She also presents a point of view that equates touch with “harm” and “inappropriate
behavior” unbecoming of a responsible museum visitor. It is institutional sentiments such
as this that visitors are responding to when they say things such as, “museums are usually
like ‘don't get too close, I don't think you should be touching that. Don't breathe too
hard’” (CMA Visitor), and when they claim that they largely see museums as “elitist,”
“boring,” and “tedious.” In the chapters that follow, I will show that underlying visitors’
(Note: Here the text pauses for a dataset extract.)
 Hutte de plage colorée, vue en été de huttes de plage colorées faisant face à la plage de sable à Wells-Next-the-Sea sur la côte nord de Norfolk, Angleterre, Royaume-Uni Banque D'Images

responses to the experiences they perceive as afforded by the touchscreen interfaces, and
the rhetorical work those experiences make possible, is an appreciation for the experience
of being able to touch objects within the space of the museum that is directly contrasted
with visitors’ existing beliefs about access and their relationship to the institution.
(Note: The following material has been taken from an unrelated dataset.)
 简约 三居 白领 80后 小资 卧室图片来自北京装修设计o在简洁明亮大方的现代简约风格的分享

For the majority of visitors studied, touching the flat, smooth screens of the digital
interfaces served as a direct stand-in for touching the actual art objects. In other words,
for many visitors who interacted with the touchscreens studied, the interfaces fell away,
disappeared, and visitors saw themselves as physically interacting with the actual art
54
object or archival artifact digitally displayed by the interfaces. As one visitor said when
describing why he was excited about the touchscreens at the CMA, “You want to interact
with art, you want to touch the art” (CMA Visitor). Other visitors spoke of being able to
“feel texture” of the artwork when touching the screens. Yet another said that he was
surprised to stumble into Gallery One, “Where you can actually touch the stuff and be
able to read about it” (CMA Visitor), implying that what he was touching was the same
as what he was reading about – the art object itself.
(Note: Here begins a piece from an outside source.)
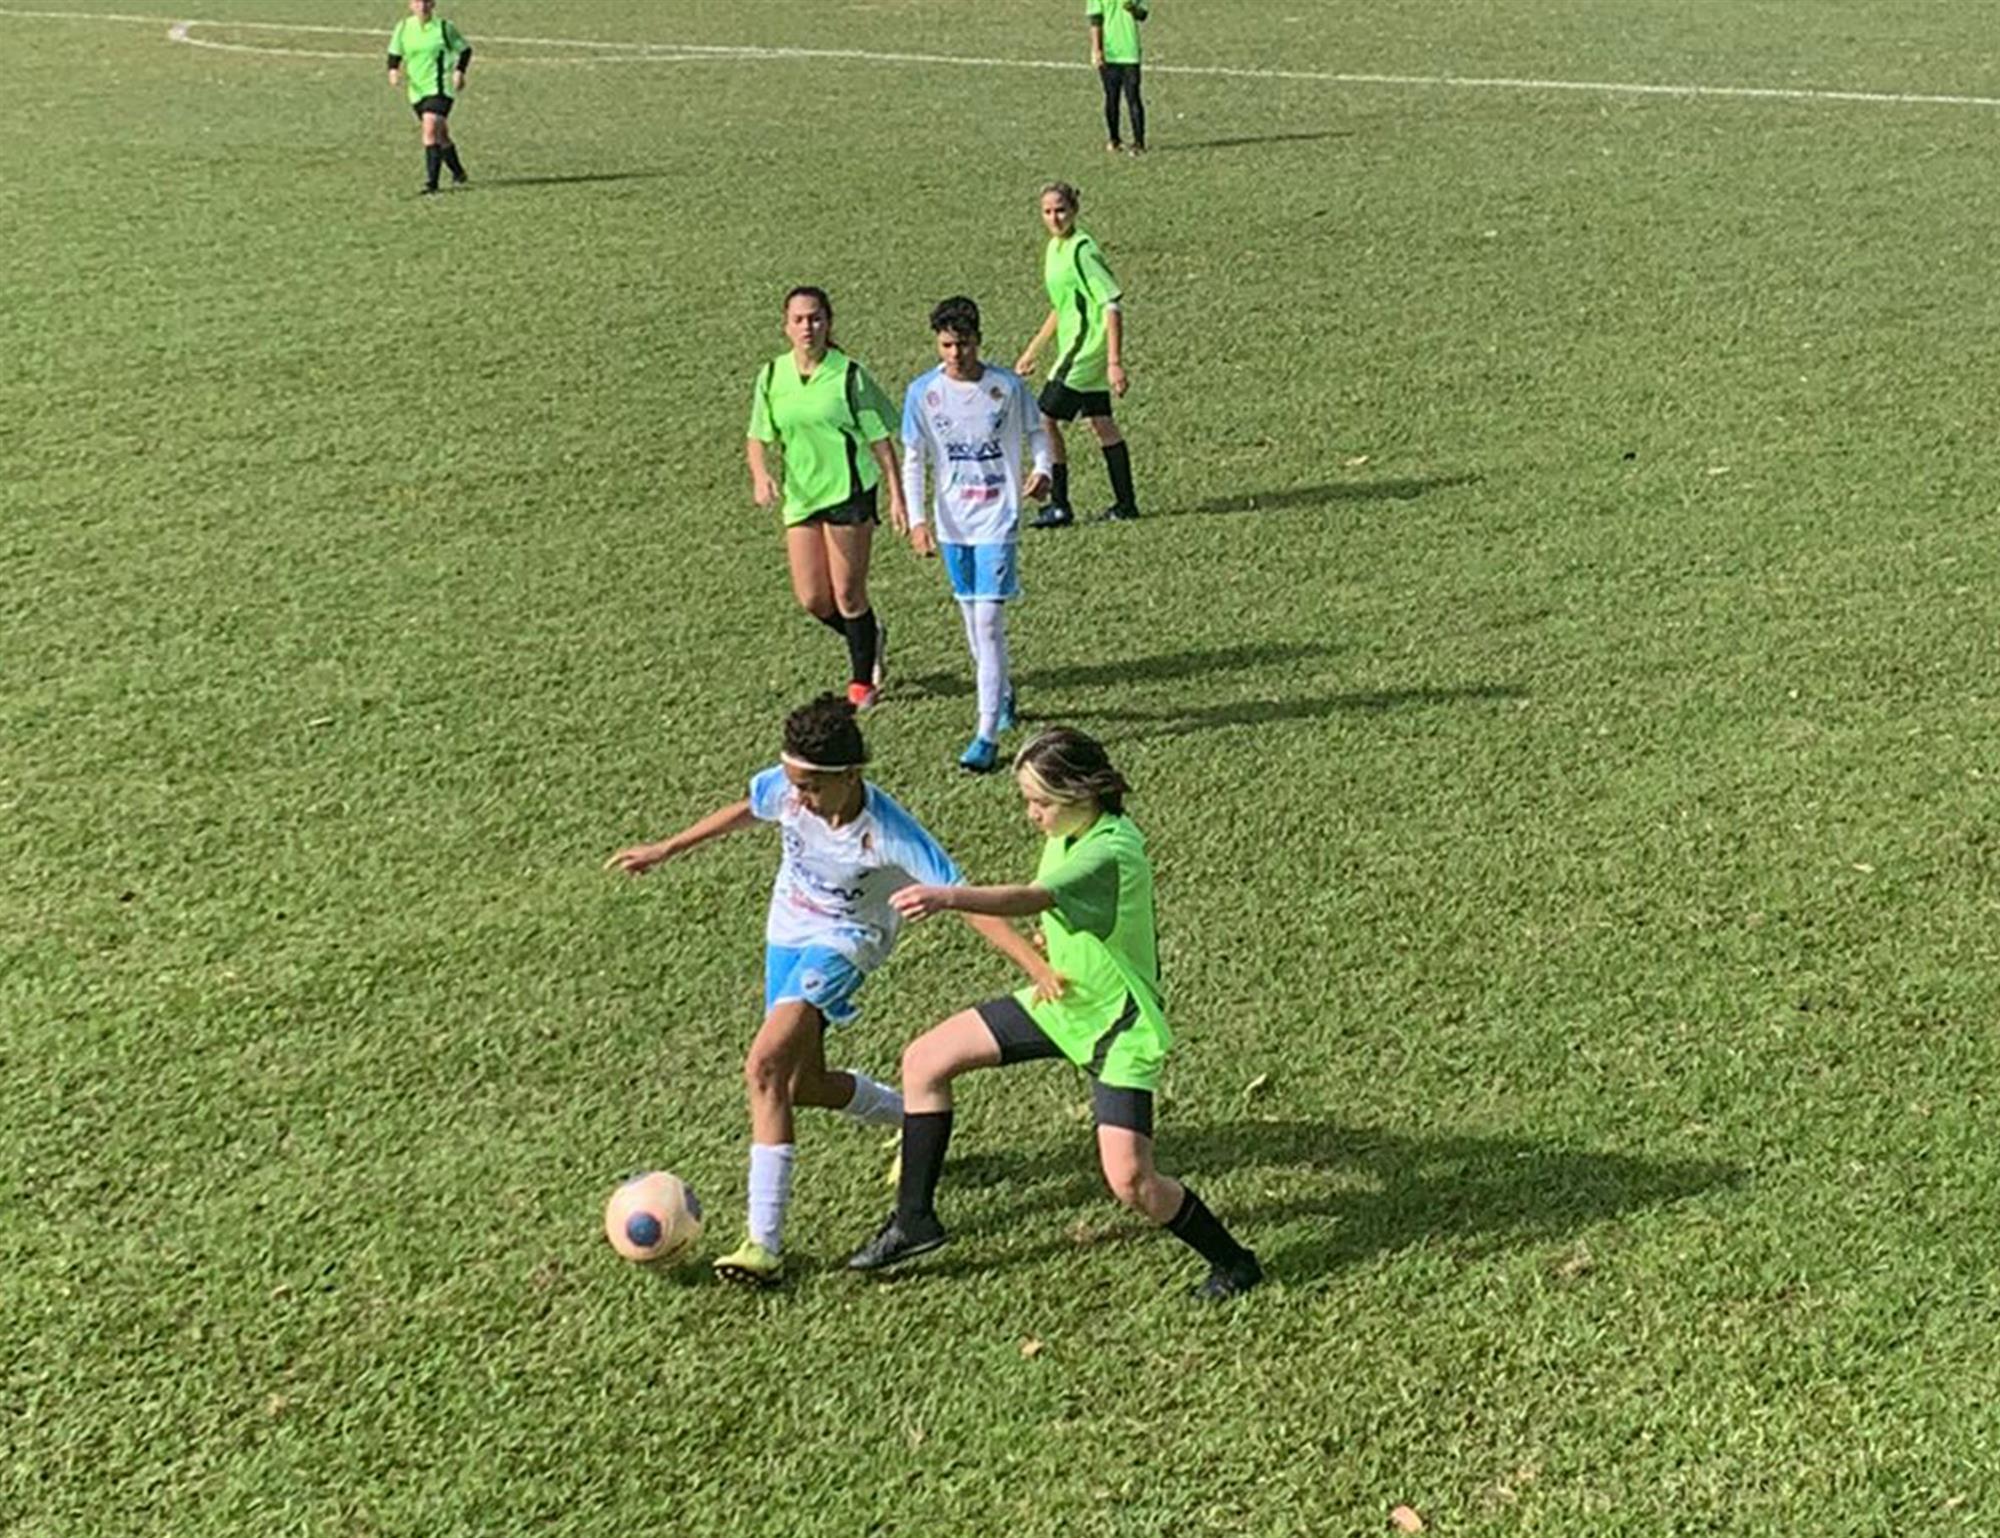 Jogos Escolares Bom de Bola abrem inscrições em Londrina - Blog Londrina

In his article “Fingerbombing, or ‘Touching is Good’: The Cultural Construction
of Technologized Touch,” David Parisi (2008) gives us a way to understand what is
occurring in visitor’s physical interaction with the touchscreen interfaces in these gallery
spaces. Parisi contrasts active touch, in which an actor directly manipulates objects with a
feeling, sensing hand with gaming touch, “in which the hand manipulates without
feeling…a model of touch absent of feeling in which the perceiver is only a manipulator,
a controller” (p. 319). Gaming touch, he says, requires a “technologically extended hand”
meaning that what the user is manipulating is a controller, a joystick, a mouse, a screen,
or some other kind of device that moves digital images of objects displayed on a
computer screen. Gaming touch of the digital representations of objects displayed on the
screen is not the same as active touch of physical versions of those objects. However,
Parisi claims, users respond to gaming touch in much the same way as they do active
touch depending on the framing of the “mediated experience.” What I will show in this
dissertation is that visitors equate the gaming touch of feeling only the smooth screen of
the touchscreen interfaces with the experience of physically interacting with, and feeling,
the actual art and archival objects. I discuss this phenomenon at length in the following
55
chapters, discussing both how this equation of the interface with the art object is
occurring in visitors’ experience and also how that equation influences visitors’ rhetorical
experiences.
While visitors’ recognition of the uniqueness of the touchscreen interfaces and the
experiences afforded by them at the Cleveland Museum of Art and the National Archives
Museum is significant, not all visitors view these interfaces and experiences as equally
beneficial or important. For every group of visitors I tracked at the CMA who interacted
with the Collection Wall and Lenses, there were many more who traveled through the
Gallery One space without interacting with a single piece of technology. Visitors of all
ages perused the gallery space following the perimeter of the room, viewing the art
objects, and avoiding the Lenses and Wall completely.
In my observations, I noticed that for some visitors the technology simply did not
create a pleasant sensory experience. One woman in her mid-60s, shying away from the
Collection Wall as the rest of her friends used it said, “it makes me a little dizzy” (CMA
Visitor). This woman eventually left Gallery One into the atrium area and waited for her
friends to join her there before continuing to the rest of the museum. Another woman in
her mid-20s approached the Wall, touched it briefly and, turning to the man with her,
said, “it stresses me out” (CMA Visitor). The couple then also left Gallery One without
touching any of the other touchscreens there.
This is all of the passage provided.